Tipperary County Board secretary Tim Floyd has expressed concern that the new hurling proposals will significantly curtail club activity in April and May.
With the Munster and Leinster championships to be run off across the concluding three weekends in May and the opening fortnight of June, added to a mid-April finish for the league, the start date for certain club championships could be pushed back until well into the summer.
Tipperary began their senior hurling championship in April but Floyd is not sure that would be possible if change is brought about to the inter-county scene.
“If you have to play four Munster championship games in five weeks, you want to allow your county team prepare properly for them matches. I have reservations where the club is going to fit into all of this,” said Floyd.
“Trying to slot in some club games and then hanging around the whole summer, I don’t know is that going to work. We have to look at when the league is going to be played in conjunction with the new championship that is being proposed.”
The Tipperary executive have made no decision as to whether they will support reform of the All-Ireland hurling championship, although the county’s Central Council delegate Sean Nugent yesterday told the Examiner that top officials are “favourably disposed” towards change.
Nugent says the plan handed down by Croke Park caters for the club player in a more meaningful fashion than the current model.
“In 2016, there were 15 weekends for club action. With the new proposals, you’d have a calendar which would give 25 weeks to inter-county and 25 to the clubs.
“One of the great things about these proposals from the point of view of the club player: There would be certainty about when club activity can take place.

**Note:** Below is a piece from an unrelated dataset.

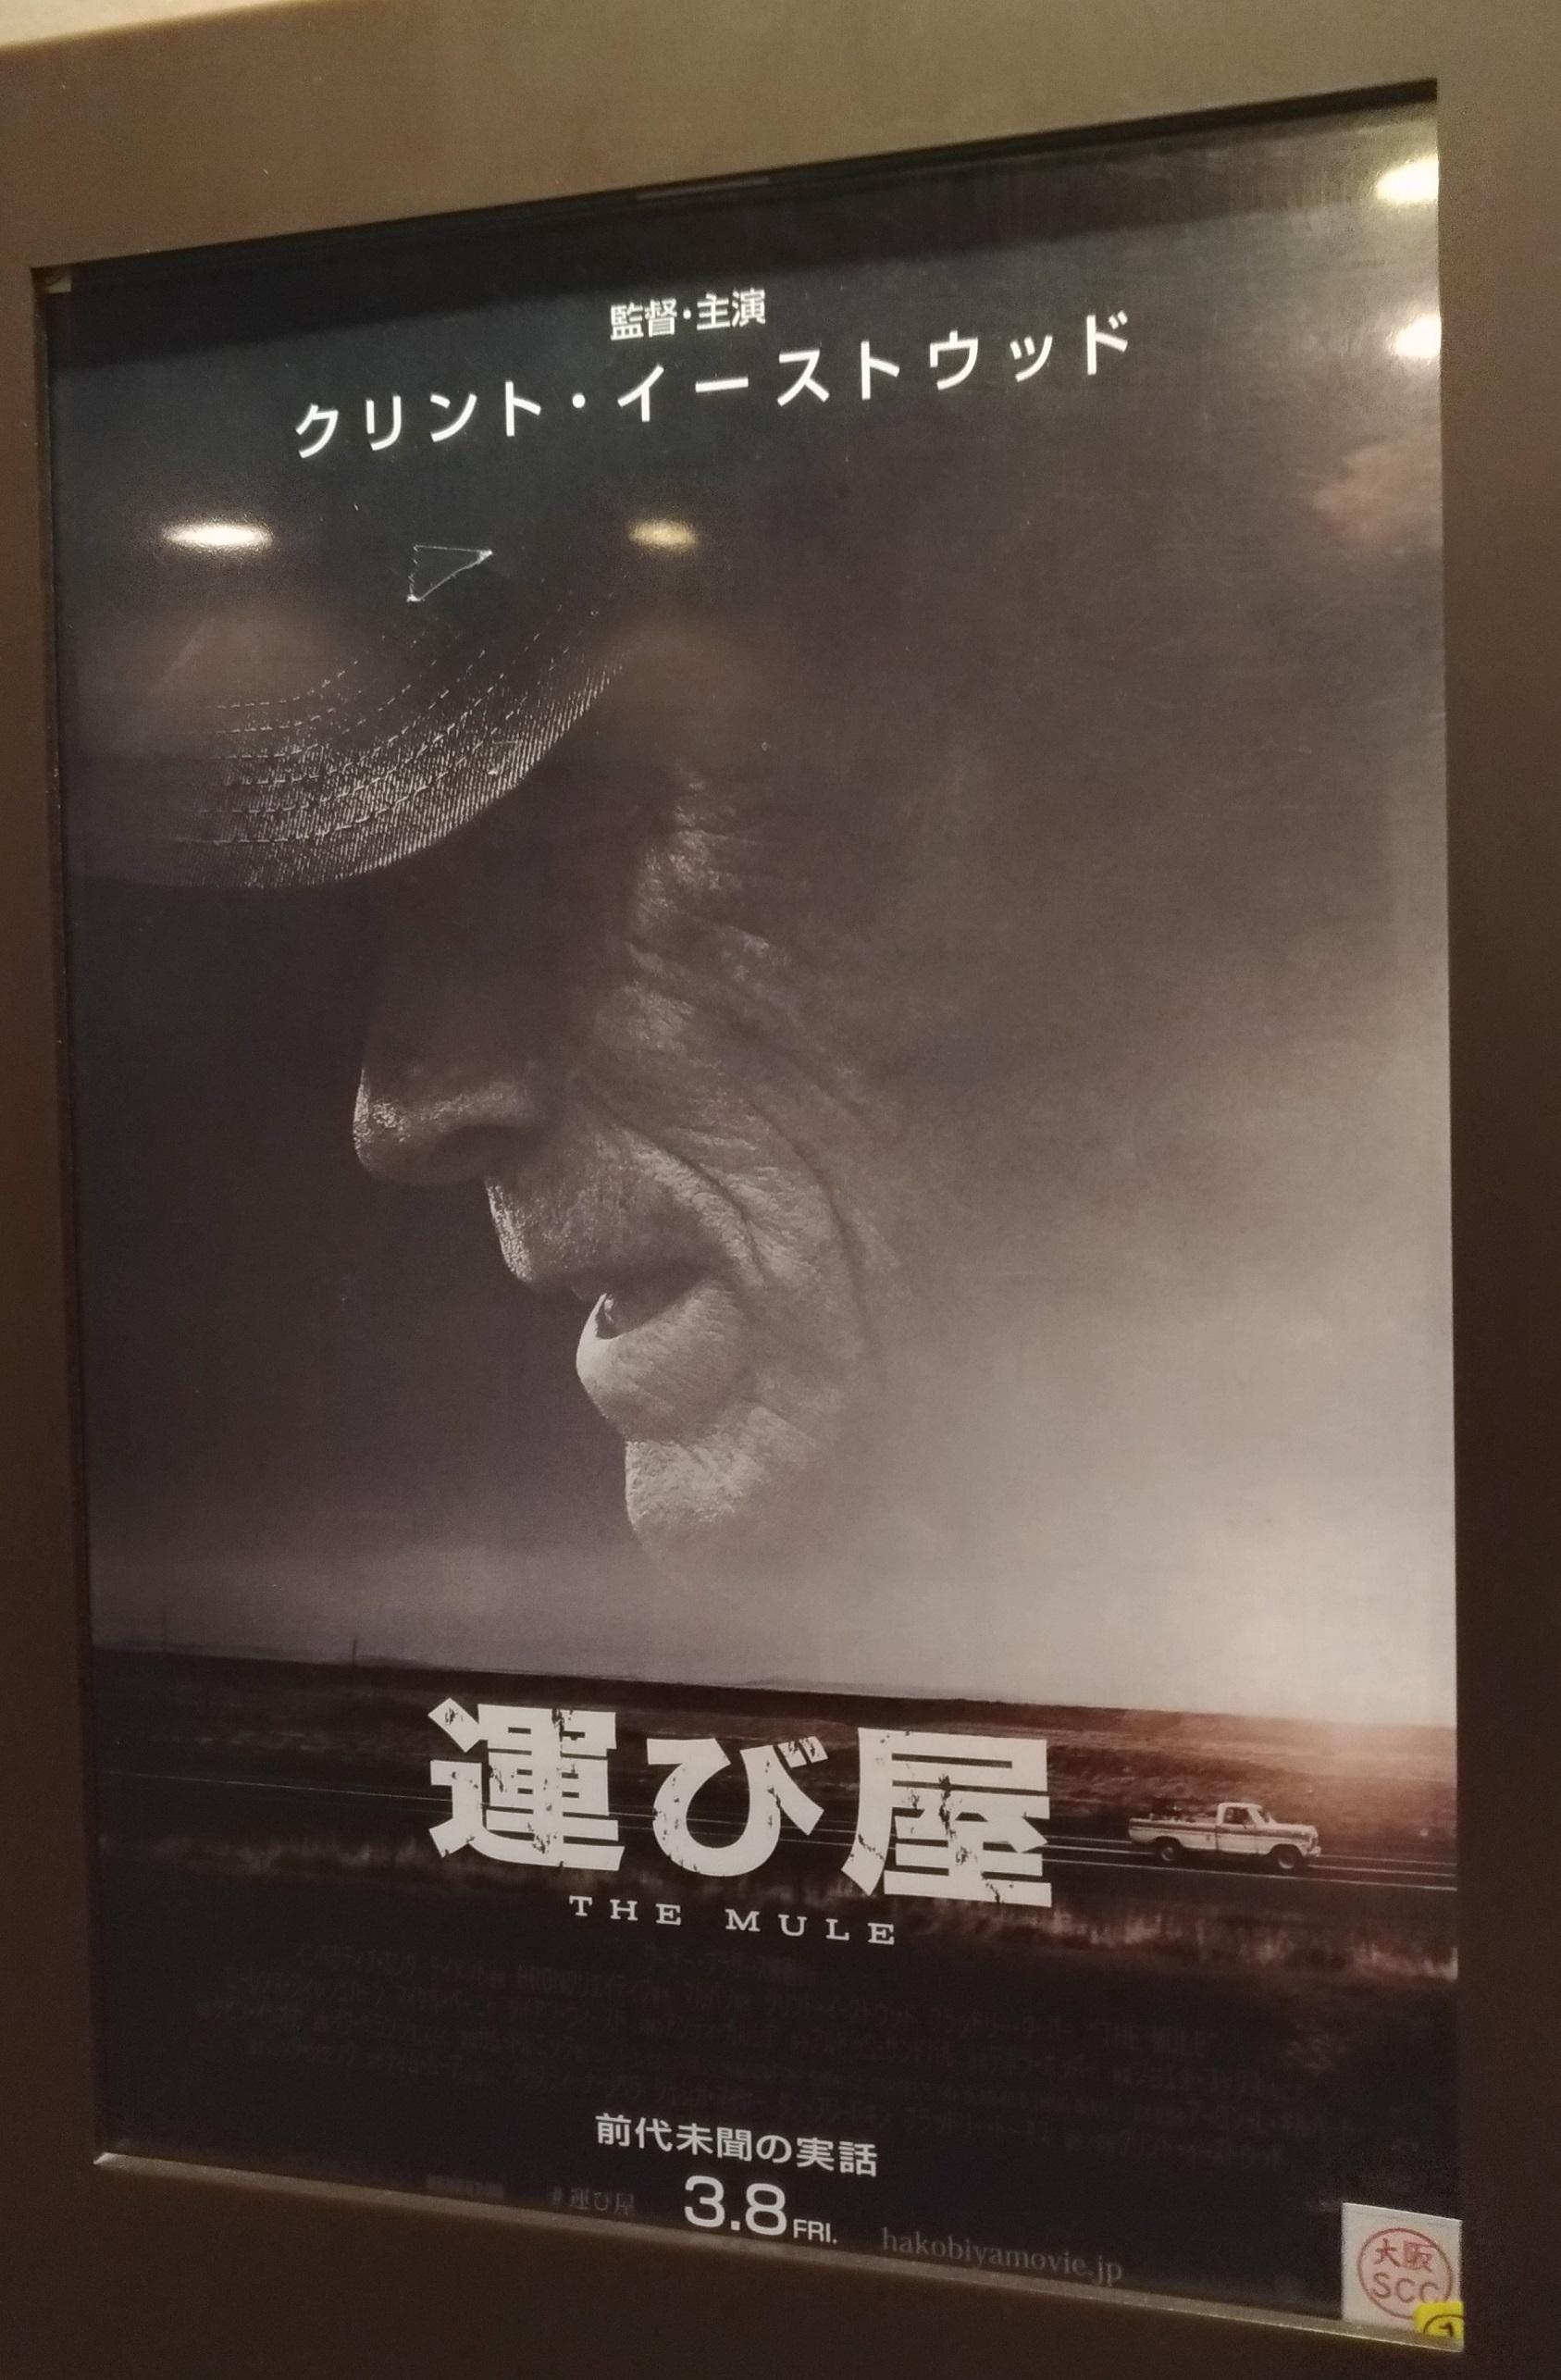 eiga_hakobiya_movies_osaka.jpg

The constant complaint from club players is that they don’t know when they are playing. They find it difficult to plan for holidays and weddings. With the new proposals, you’ll know your county has four games in Munster and you know when those games will be played. At present, you know when your county is playing their first match but if they lose it then becomes a waiting game. It is difficult to plan club fixtures around that kind of a scene.”

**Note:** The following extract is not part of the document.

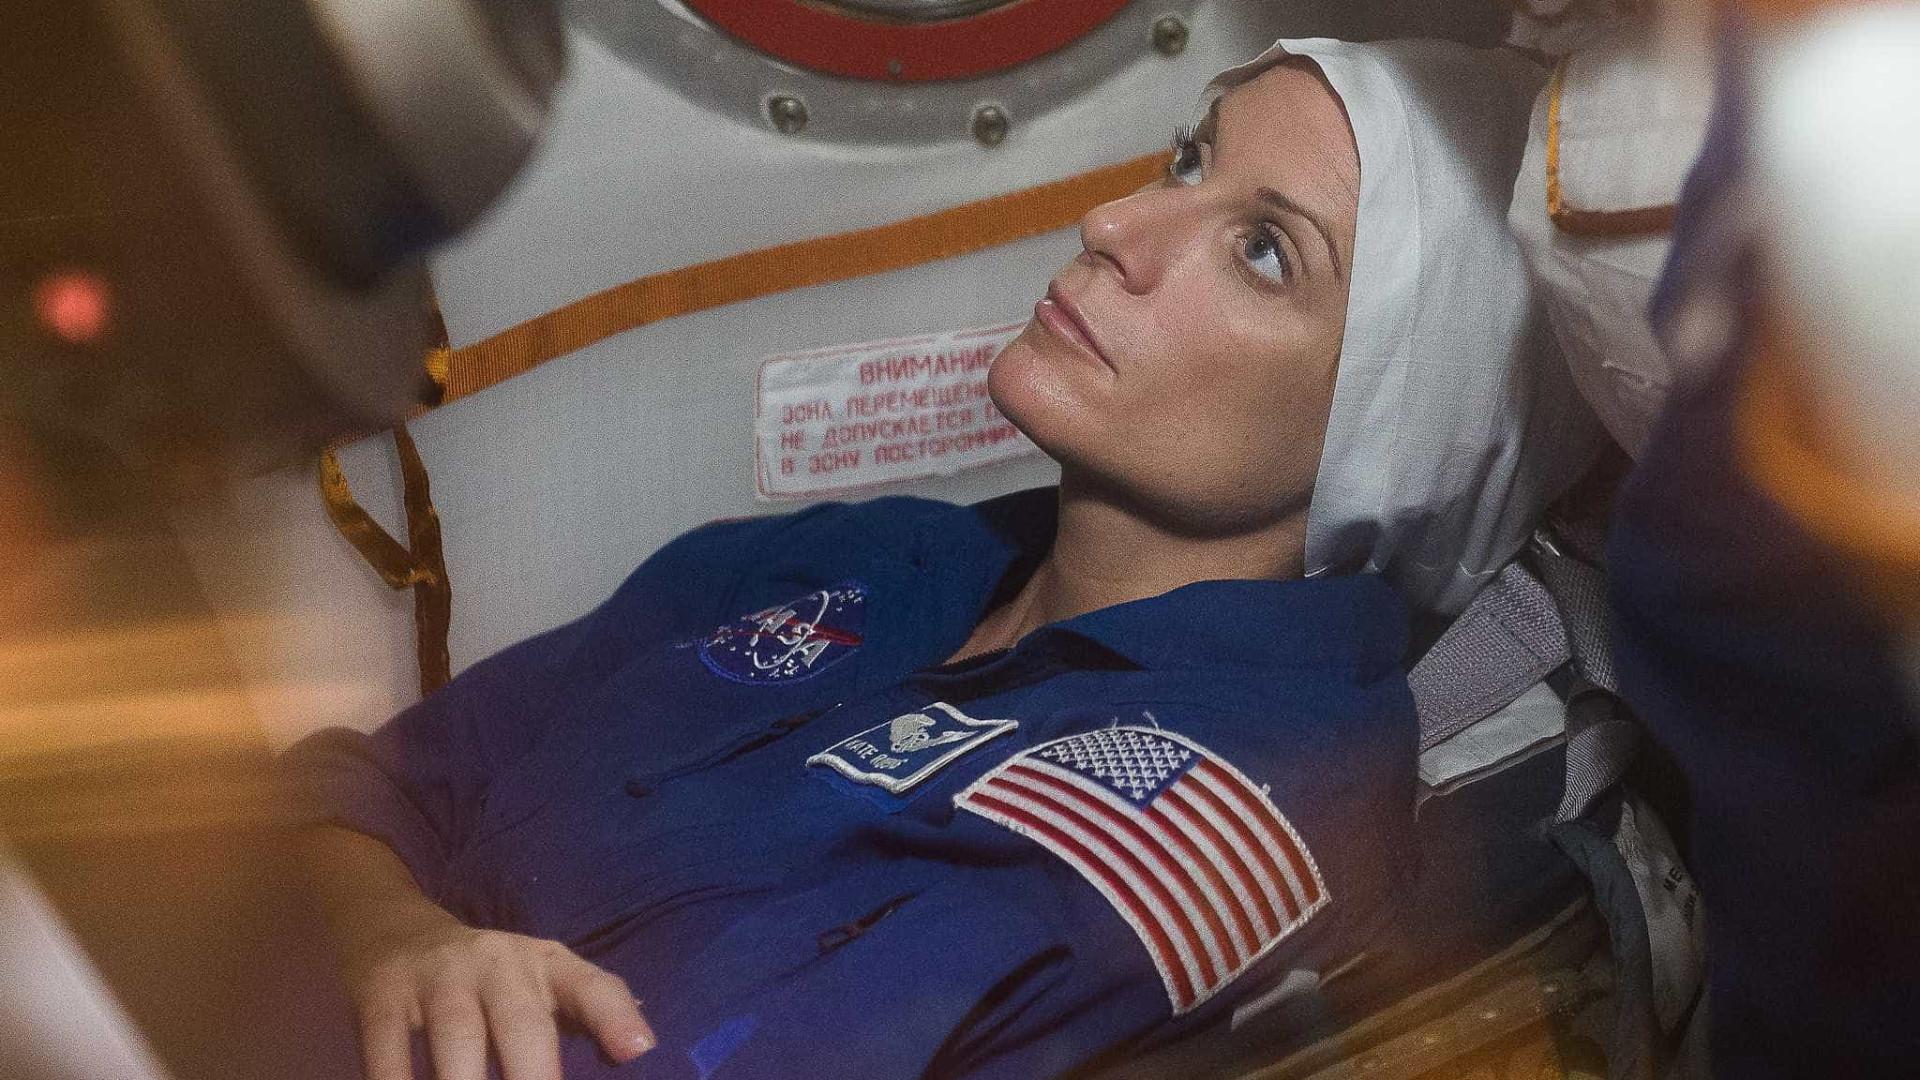 Astronauta publica foto noturna da Europa  clicada da Estação Espacial

Nugent, former chairman of the Tipperary County Board, would rather hold off on club action until early August or whenever a county is knocked out of the All-Ireland championship, as opposed to shoehorning in a round or two in late April and then calling it quits for a number of months.
“Under the new proposals, you will have a 12-week period from August to the end of October for club games. I think counties need to structure their local championships in such a way that they can run them off during that 12-week period, have them taken in a block rather than have them broken up over a period of time. Now, I accept players probably wouldn’t favour that. And with the current structure we have in Tipperary, also, that wouldn’t be possible.
“There is a mood in our county for change. There is a realisation among clubs that we can’t continue with what we have.”
Laois chairman Gerry Kavanagh, meanwhile, has hit out at the proposed provincial qualifier group, claiming it will stunt the progress of developing counties.
Under the blueprint for change, Antrim, Carlow, Kerry, Laois, and Westmeath would play one another in a round-robin format, with the group winner progressing to an All-Ireland preliminary quarter-final against the third-placed team from either Munster or Leinster. That county would also be promoted to the Leinster championship the following year. Were Kerry, however, to finish at the head of the group, they would play the bottom-placed team from Munster in a relegation/playoff fixture.
Kavanagh, who’s opposed to change, believes the current structure is more beneficial to counties attempting to bridge the gap to the top tier.
“As the proposals stand, they are not very palatable towards Laois or the rest of the developing counties,” said the Laois County Board chairman.
“Our main issue is that we are being asked to hurl in a… I don’t know could you even call it a competition. We’ve nothing to hurl for, under the new proposals. Whoever wins the proposed provincial qualifier group gets to hurl in Leinster the following year. There is not an awful lot in that, there’s not an awful lot to motivate lads. Players like to win trophies and hurl in a meaningful competition. You are playing for something which you will only see the benefits of 12 months later and that’s only if you’re lucky enough to top this group that is being mooted.
“My view is the current structure serves us better than what is being tabled. I’d leave it the way it is. While the Leinster round-robin is not perfect, it gives us meaningful hurling, competitive hurling. I don’t see that much wrong with it. We are trying to push our standards closer to that of the elite counties. These new proposals will hinder our efforts.”